Tuttavia la guerriglia non si ferma, senza che l'Onu o l'Unione Africana (che a febbraio inviò appena quattromila uomini per la missione di peacekeeping) riescano ad contenere l'intensità degli scontri e degli spargimenti di sangue. Radio Shabelle riferisce di battaglie fra truppe lealiste della regione semi-autonoma del Puntland e dell'auto-proclamata Repubblica del Somaliland nella zona di Dahar, nel nord della Somalia. Le autorità del Somaliland avrebbero ammesso la perdita di almeno un militare e il ferimento di altri due, sostenendo comunque di avere avuto il sopravvento sulle forze del Puntland. Le forze etiopiche hanno il controllo del territorio, anche perché protette dalle potenze occidentali, alla ricerca di un avamposto per la lotta al terrorismo. Non a caso, il governo etiope ha ammesso per la prima volta di aver tenuto prigionieri 41 "sospetti terroristi" catturati proprio in Somalia, giustificando la cosa come parte della "guerra globale al terrore", precisando di aver liberato i sequestrati, ma riuscendo certamente a gratificare l'alleanza anti-islamica, e rafforzando il suo ruolo di interlocutore privilegiato. Anche per questo, a Mogadiscio come nel resto della Somalia, oggi gli Etiopi la fanno da padrone, anche se tutto sembra in mano ad una sorta di autogestione degli stessi clan, alla ricerca di un accordo tra le parti, più che altro una trattativa di scambievoli favori.

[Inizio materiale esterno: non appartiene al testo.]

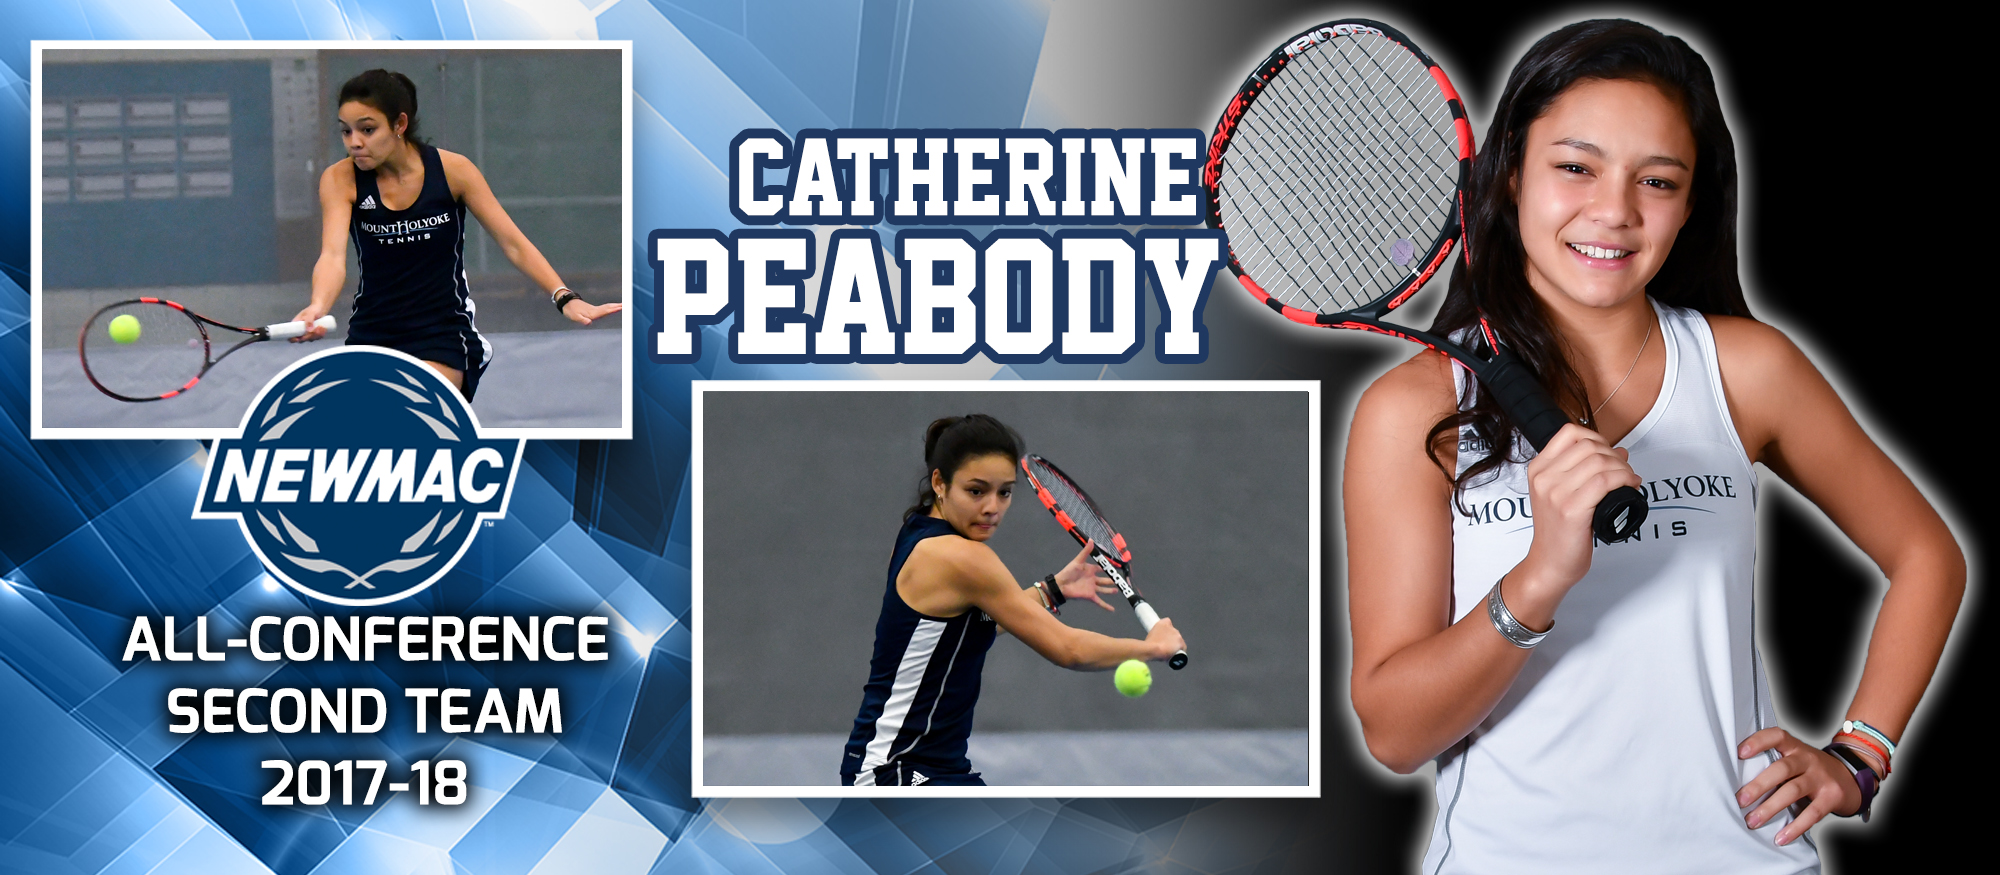 Graphic showing a variety of photos of Lyons tennis player, Catherine Peabody, who was named to the 2017-18 NEWMAC All-Conference Second Team in #3 Singles.

I leader di Hawiye, che dopo il 1 aprile avevano già cercato la tregua, hanno organizzato un incontro con gli ufficiali militari etiopi il prossimo 16 aprile, per evitare che nuovi combattimenti mettano a rischio una settimana di relativa calma nella capitale. Ma nelle scorse ore, le truppe somale ed etiopiche hanno bloccato strade e scavato trincee anche nei pressi della capitale, pronti ad una imminente ripresa dei combattimenti.